Trotzdem gilt: Internationalisierung von Amazon Ads ist kein einfacher Kopiervorgang, sondern ein Prozess, der Marktverständnis und Anpassung erfordert. Werbekampagnen sind für den Erfolg auf jedem Marktplatz zentral — entsprechend wichtig ist es, Ads an das jeweilige Zielland anzupassen und pro Markt eigenständig zu optimieren. Im Folgenden gehen wir die ausschlaggebenden Faktoren im Detail durch.
Anpassung an den Amazon Marktplatz
Wenn Sie Ihre Produkte international verkaufen, müssen Sie sie an Marktplätze mit unterschiedlichen Sprachen und Kulturen anpassen. Damit Ihre Produkte für potenzielle Kunden attraktiv wirken, sollten Sie zuerst Ihre Listings lokalisieren — Titel, Bullet Points und Produktbeschreibung. Rohübersetzungen fallen Kunden sofort auf; für eine authentische Übersetzung lohnt sich die Zusammenarbeit mit Muttersprachlern oder zumindest ein muttersprachliches Lektorat von KI-Übersetzungen.
Für Ihre Werbeanzeigen und die enthaltenen Keywords gilt dasselbe: Auf lange Sicht zahlt sich die Investition in echte Lokalisierung fast immer aus, weil sie das Conversion-Potenzial deutlich steigert.

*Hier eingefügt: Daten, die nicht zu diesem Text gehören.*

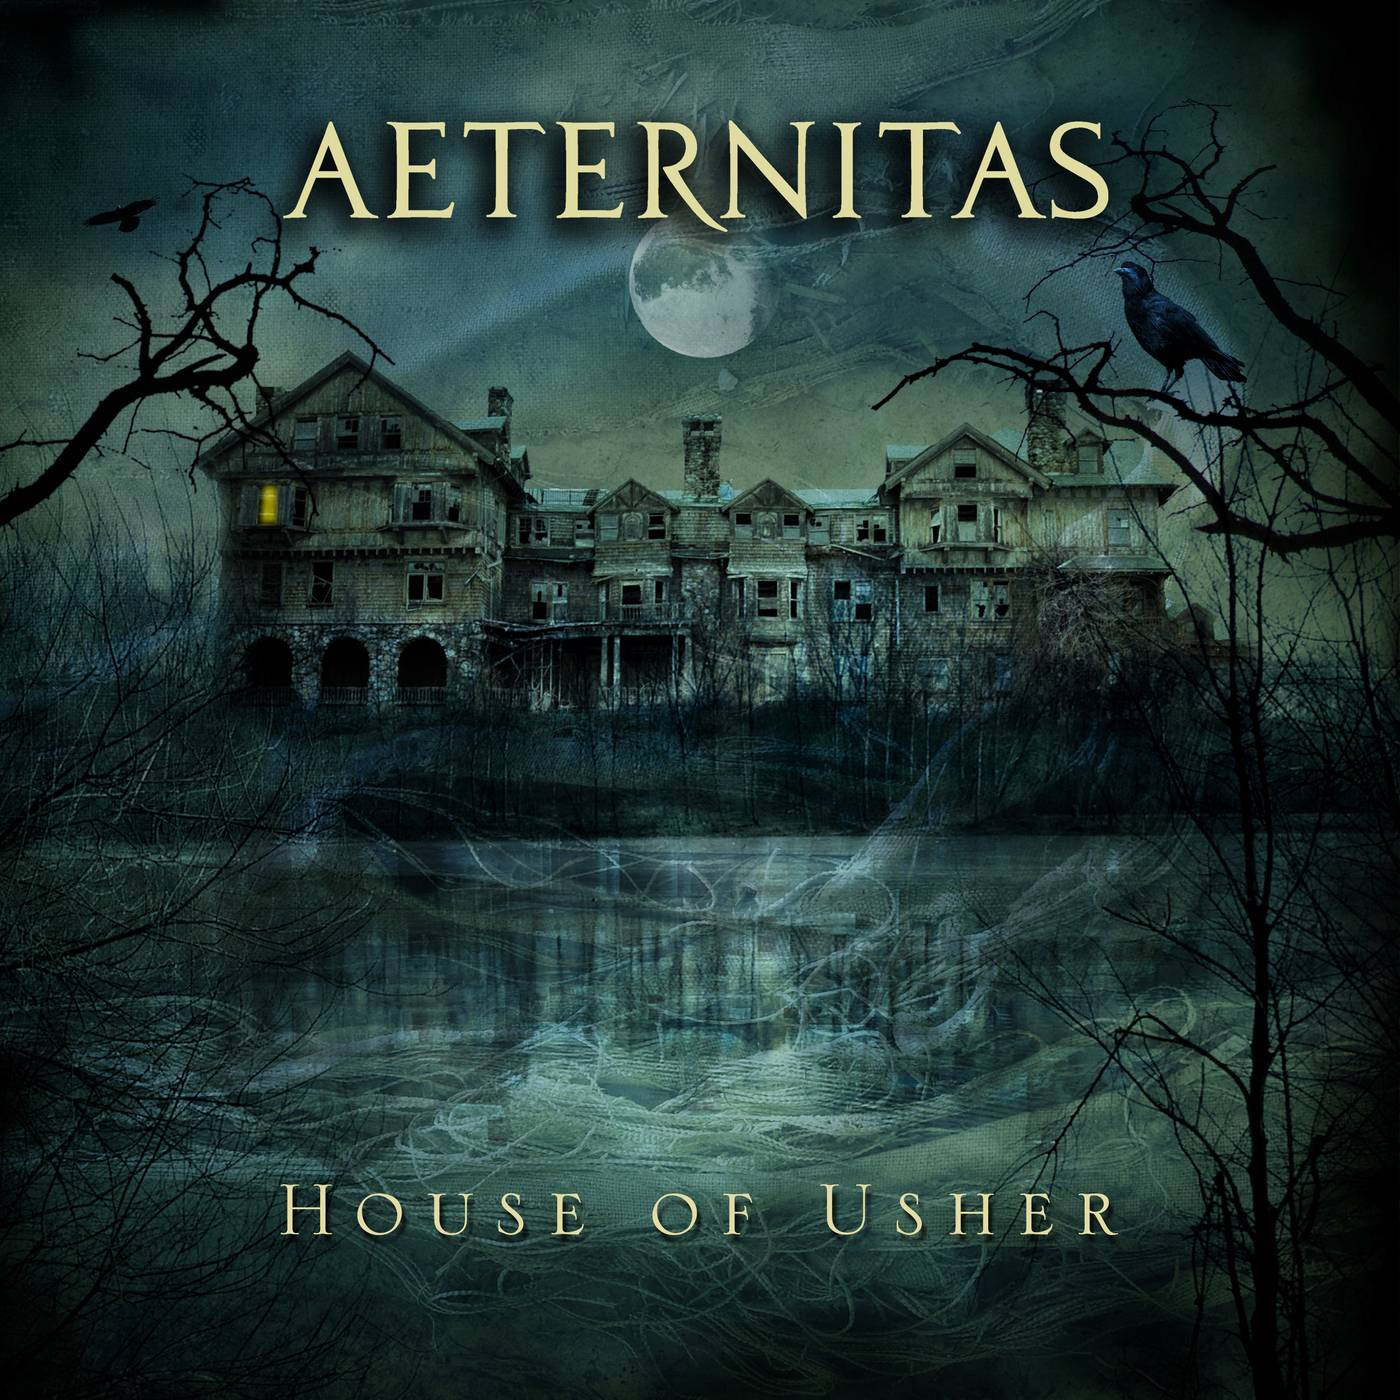 Aeternitas: House Of Usher (2016) Book Cover

Wichtig zu verstehen: Die Anzeige gewinnt nur den Klick — ob der Kunde kauft, entscheidet das Listing dahinter. Ein unsauber übersetztes Listing verbrennt daher auch das beste Werbebudget.
Werberichtlinien pro Land beachten
Werberichtlinien für Anzeigen unterscheiden sich von Marktplatz zu Marktplatz erheblich — von kompletten Kategorie-Verboten bis zu verpflichtenden Warnhinweisen — und wer sie nicht beachtet, dessen Anzeigen werden von Amazon abgelehnt. In Polen sind Werbeanzeigen für alkoholische Getränke beispielsweise komplett verboten. Auf dem deutschen Marktplatz dürfen Alkohol-Anzeigen nicht mit Sport in Verbindung gebracht werden, und in Italien müssen sie eine Aufforderung zum verantwortungsvollen Konsum enthalten. Prüfen Sie daher vor jedem Markteintritt die aktuellen Amazon-Werberichtlinien für die betroffene Produktkategorie.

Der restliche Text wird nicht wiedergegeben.